Infectious Diseases, Microbiology & Parasitology

Journal of Korean Medical Science 2018; 33(25): e173.

Published online: 14 May 2018

DOI: https://doi.org/10.3346/jkms.2018.33.e173

Integrase Strand Transfer Inhibitor Resistance Mutations in Antiretroviral Treatment-naïve Patients in Korea: a Prospective, Observational Study

Yeonjae Kim

, Bum Sik Chin

, Gayeon Kim

, Hyoung-Shik Shin

Center for Infectious Diseases Research, Department of Internal Medicine, National Medical Center, Seoul, Korea.

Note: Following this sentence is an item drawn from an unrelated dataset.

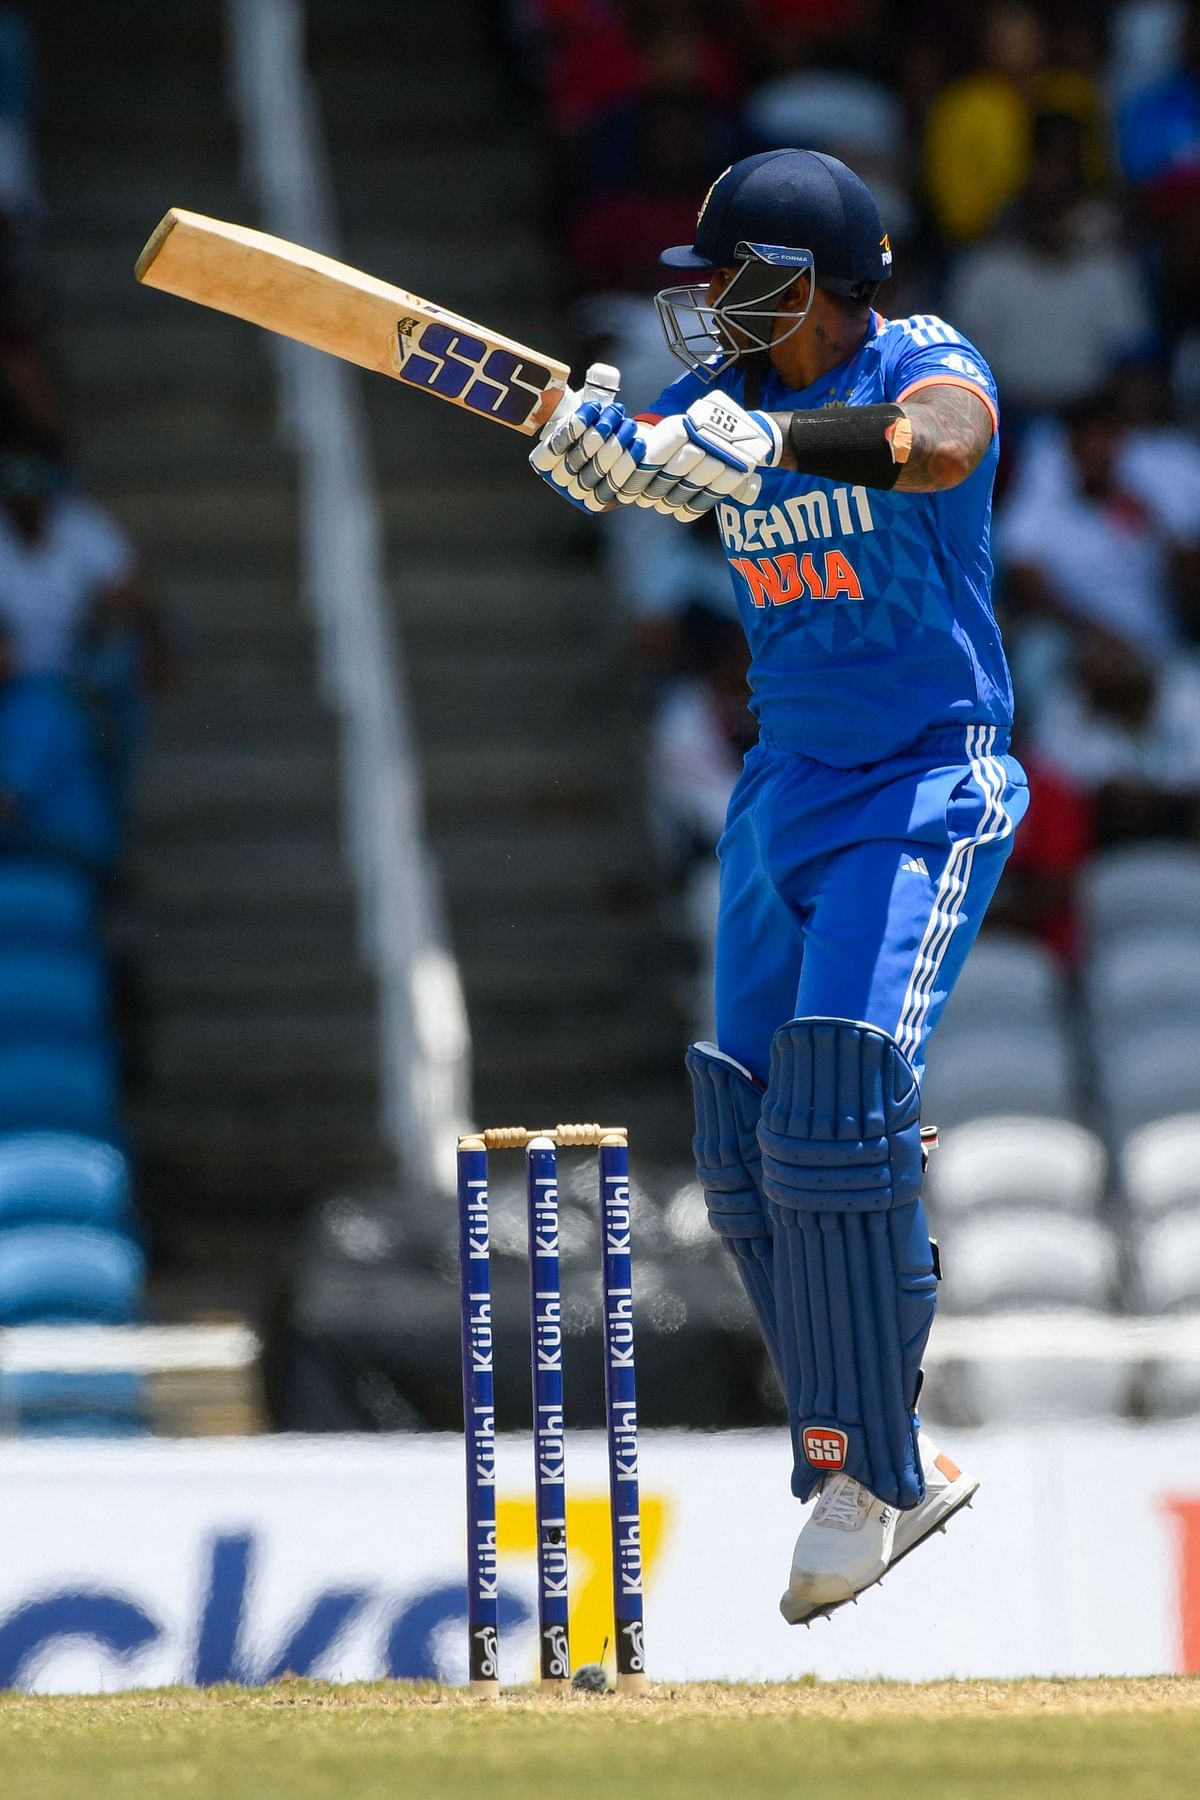 IND VS WI: 160 रन के लक्ष्य का पीछा करने उतरी टीम इंडिया ने 13 गेंद रहते हुए 164 रन बना लिये.

Address for Correspondence: Hyoung-Shik Shin, MD. Center for Infectious Diseases Research, Department of Internal Medicine, National Medical Center, 245 Eulji-ro, Jung-gu, Seoul 04564, Korea. Hyoungsshin@gmail.com

Received 26 February 2018 Accepted 17 April 2018

The Korean Academy of Medical Sciences

(open-access):

This is an Open Access article distributed under the terms of the Creative Commons Attribution Non-Commercial License (https://creativecommons.org/licenses/by-nc/4.0/) which permits unrestricted non-commercial use, distribution, and reproduction in any medium, provided the original work is properly cited.

Abstract

The present study investigated prevalence of integrase strand transfer inhibitors (INSTI) resistance mutations in HIV-1-infected antiretroviral therapy (ART)-naïve patients in Korea. From 106 plasma samples, amplification and sequencing of integrase genes was performed, and major or minor mutations were calculated by the Stanford HIV drug resistance mutation interpretation algorithm. No major INSTI resistance mutations were found, and 14 minor mutations were detected in 13 (12.3%) patients. The present data support the recommendation that routine testing for INSTI resistance mutations before starting ART is not necessary.

Graphical Abstract

Keywords: HIV, Integrase Strand Transfer Inhibitors, Mutation, Prevalence, Korean

Integrase strand transfer inhibitors (INSTIs), approved for clinical use in 2007, form the latest class of antiretroviral drugs used to treat human immunodeficiency virus (HIV). Because of their good tolerability and efficacy, INSTIs have become a part of the preferred first-line antiretroviral therapy (ART) regimens in both US and European HIV treatment guidelines.1 2 ART regimens that include raltegravir (RAL), a first generation INSTI, have shown long-term efficacy and safety in treatment-naïve and treatment-experienced patients,3 4 5 even in patients with treatment failure due to triple-class drug-resistant HIV.6 Elvitegravir (EVG) is also widely used as a component of first-line INSTI-based ART; it is formulated as a single-tablet fixed-dose combination together with emtricitabine, tenofovir disoproxil fumarate, and cobicistat. Considering the current widespread use of INSTIs, the emergence of drug resistance mutations is an important issue. Indeed, RAL and EVG have a low genetic barrier to resistance compared with boosted protease inhibitors (PIs). Indeed, data from the period 2009–2012 in the US showed that 15.6% of the 3,012 patients who underwent drug resistance mutation testing had RAL or EVG resistance mutations.7 However, although RAL or EVG form part of the preferred starting regimen in treatment-naïve HIV-infected patients and the use of this class of antiretroviral drug is increasing, drug resistance mutation testing for INSTIs is not routinely performed before starting ART. This is because the frequency of resistance is low. However, insufficient data exist on the resistance profile of INSTIs in the ART-naïve population worldwide. For these reasons, this study aimed to evaluate of prevalence of and to characterize INSTI resistance mutations among ART-naïve patients in Korea.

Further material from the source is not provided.